Estamos moços e dentro da barca. Vamos partir. Que é a nossa lira? Um instrumento que temos de apurar, de modo que fique mais sensível que o galvanômetro, mais penetrante que o microscópio: a lira eólia do nosso senso estético. Saber sentir, saber ver, saber dizer. E tem você de rangelizar a tua lira, e o Edgard tem que edgardizar a dele, e eu de lobatizar a minha. Inconfundibilizá-las. Nada de imitar seja lá quem for. Eça [de Queiroz] ou Ésquilo. Ser um Eça II ou um Ésquilo III, ou um sub-Eça, um sub-Ésquilo, sujeiras! Temos de ser nós mesmos, apurar os nossos Eus, formar o Rangel, o Edgard, o Lobato. Ser núcleo de cometa, não cauda. Puxar fila, não seguir.
O trabalho é todo subterrâneo, inconsciente; mas a Vontade há que marcar sempre um norte, como a agulha imantada.
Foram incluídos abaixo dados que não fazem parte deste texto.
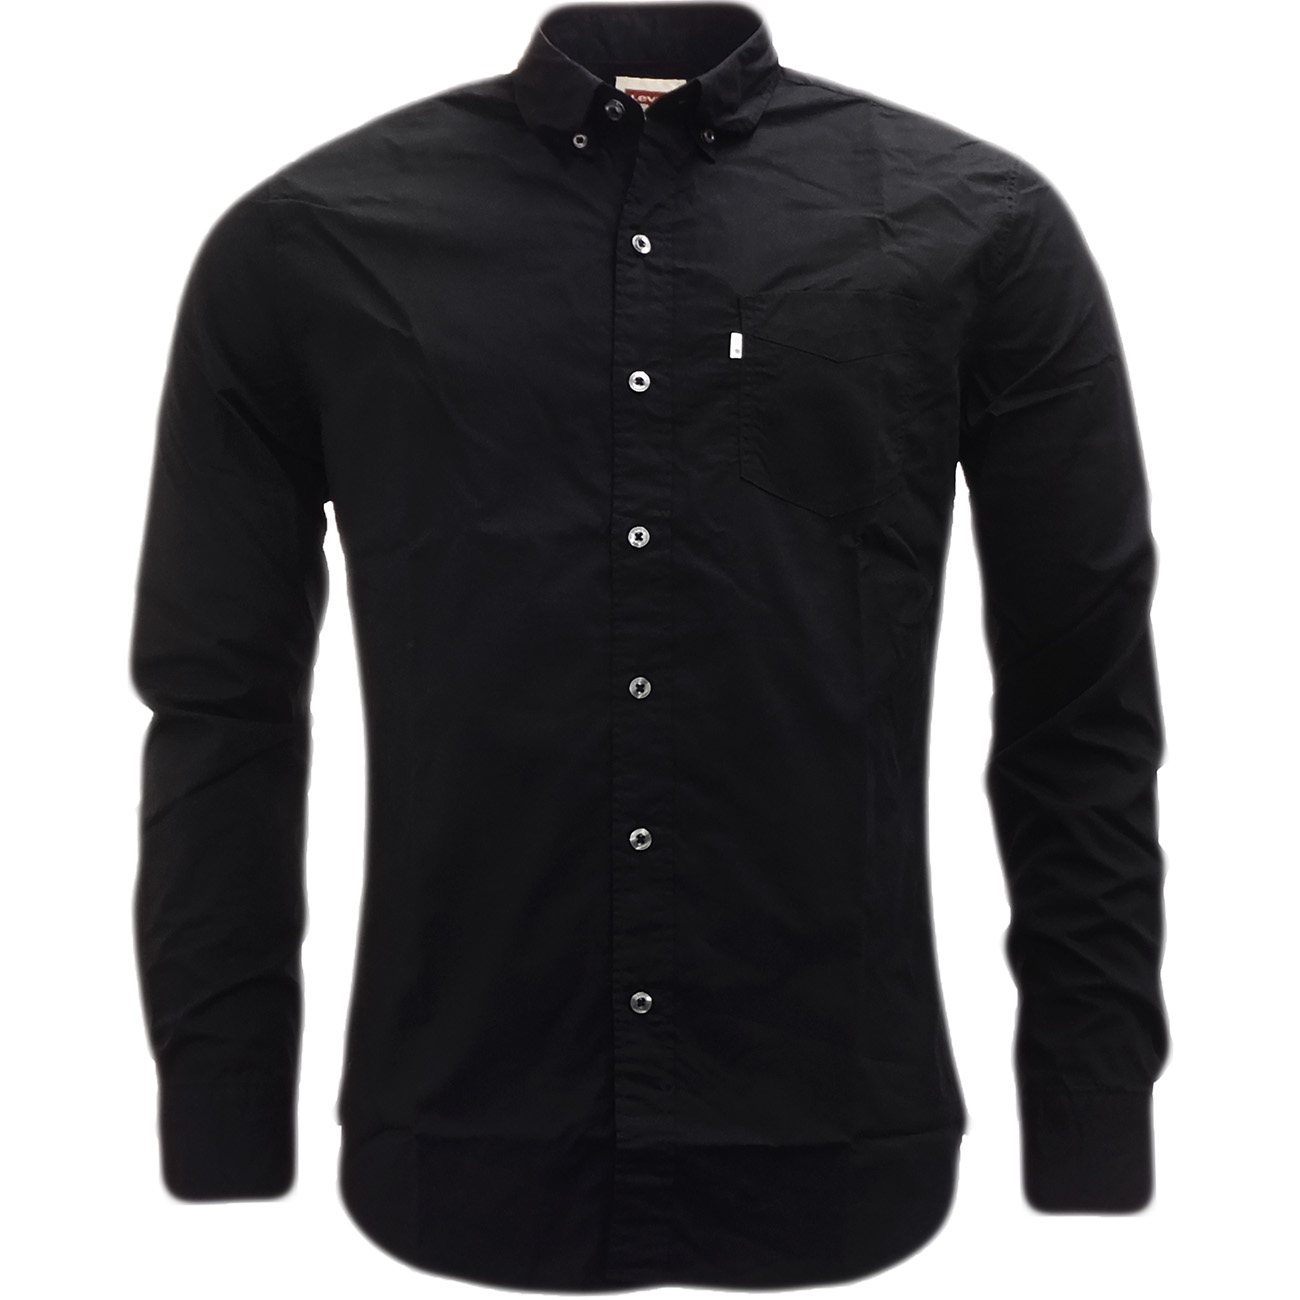 Mens Levi Strauss Plain Long Sleeve Shirt New Levi's Shirts

Esses nossos desalentos, esses nossos tédios iterativos, esses nossos desesperos, provam a favor, Rangel, não provam contra. São reflexos da misteriosa gestação subterrânea. Como vem isso? Sempre como eco do constante processo analítico inerente à gestação. Você lê uma página genial de [Victor] Hugo e a comparação inconsciente que fazes entre ele e você desnuda-te uma aparente inferioridade. Eu vejo uma cena, procuro o meio de transmiti-la por meio de palavras, não consigo e perco a confiança em mim. O Edgard sente uma sensação nova, estranha, jamais sentida por ninguém no mundo; analisa-a, não a apreende — e ei-lo de dia estragado, azedo sem saber por quê. Mas esse eterno “procurar”, Rangel, é que é a grande coisa que há dentro de nós e não há no Macuco. O Macuco não procura coisa nenhuma, porque está certo de que é um gênio e não precisa de coisa nenhuma.
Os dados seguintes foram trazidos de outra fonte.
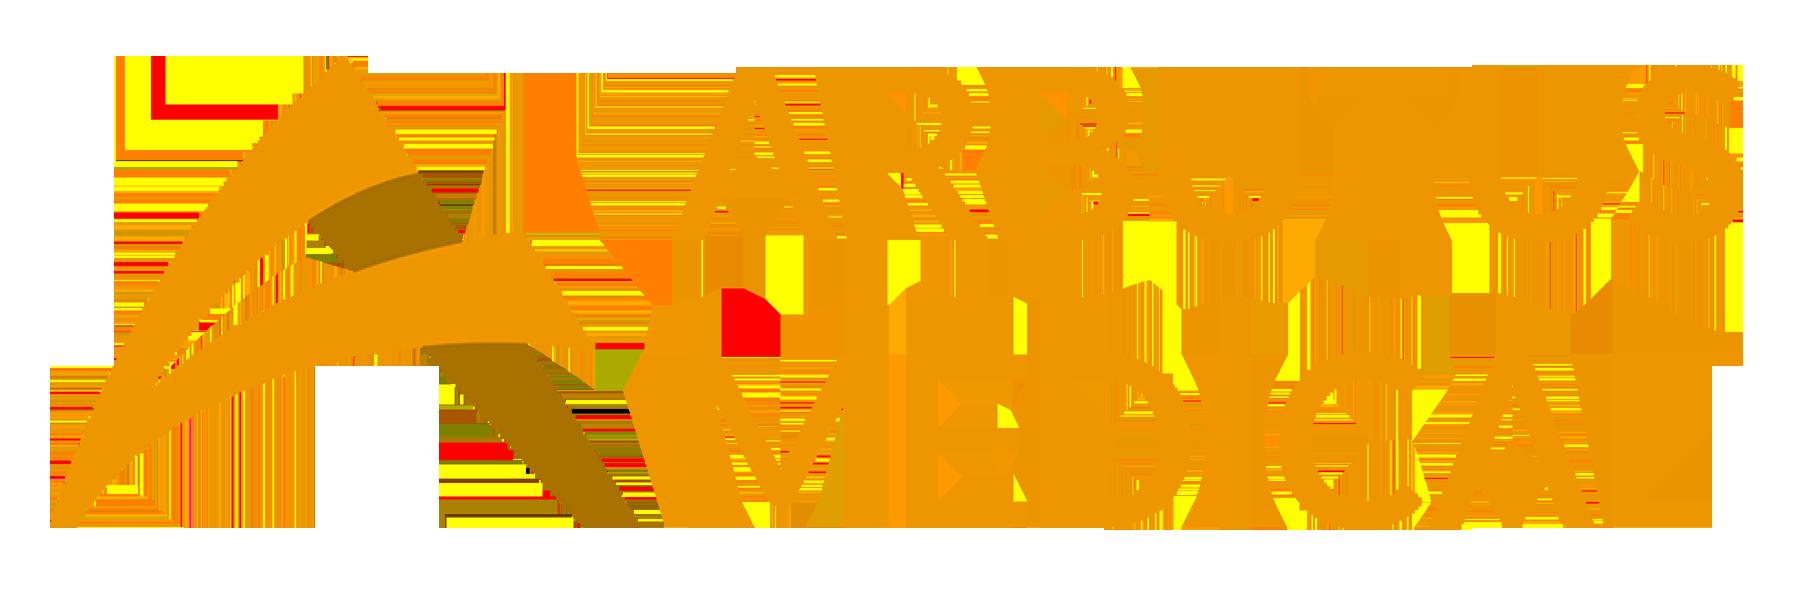 arbutusmedical.png

Cansado de desanimar, eu não desanimo mais, depois que apanhei a causa dos meus desânimos. Trabalho às ocultas lá no subconsciente. Em quê? Na afinação da lira e na fixação com palavras do que ela apanha. O sonho, sabes qual é — o sonho supremo de todos os artistas. Reduzir o senso estético a um sexto sentido. E, então, pegar a borboleta!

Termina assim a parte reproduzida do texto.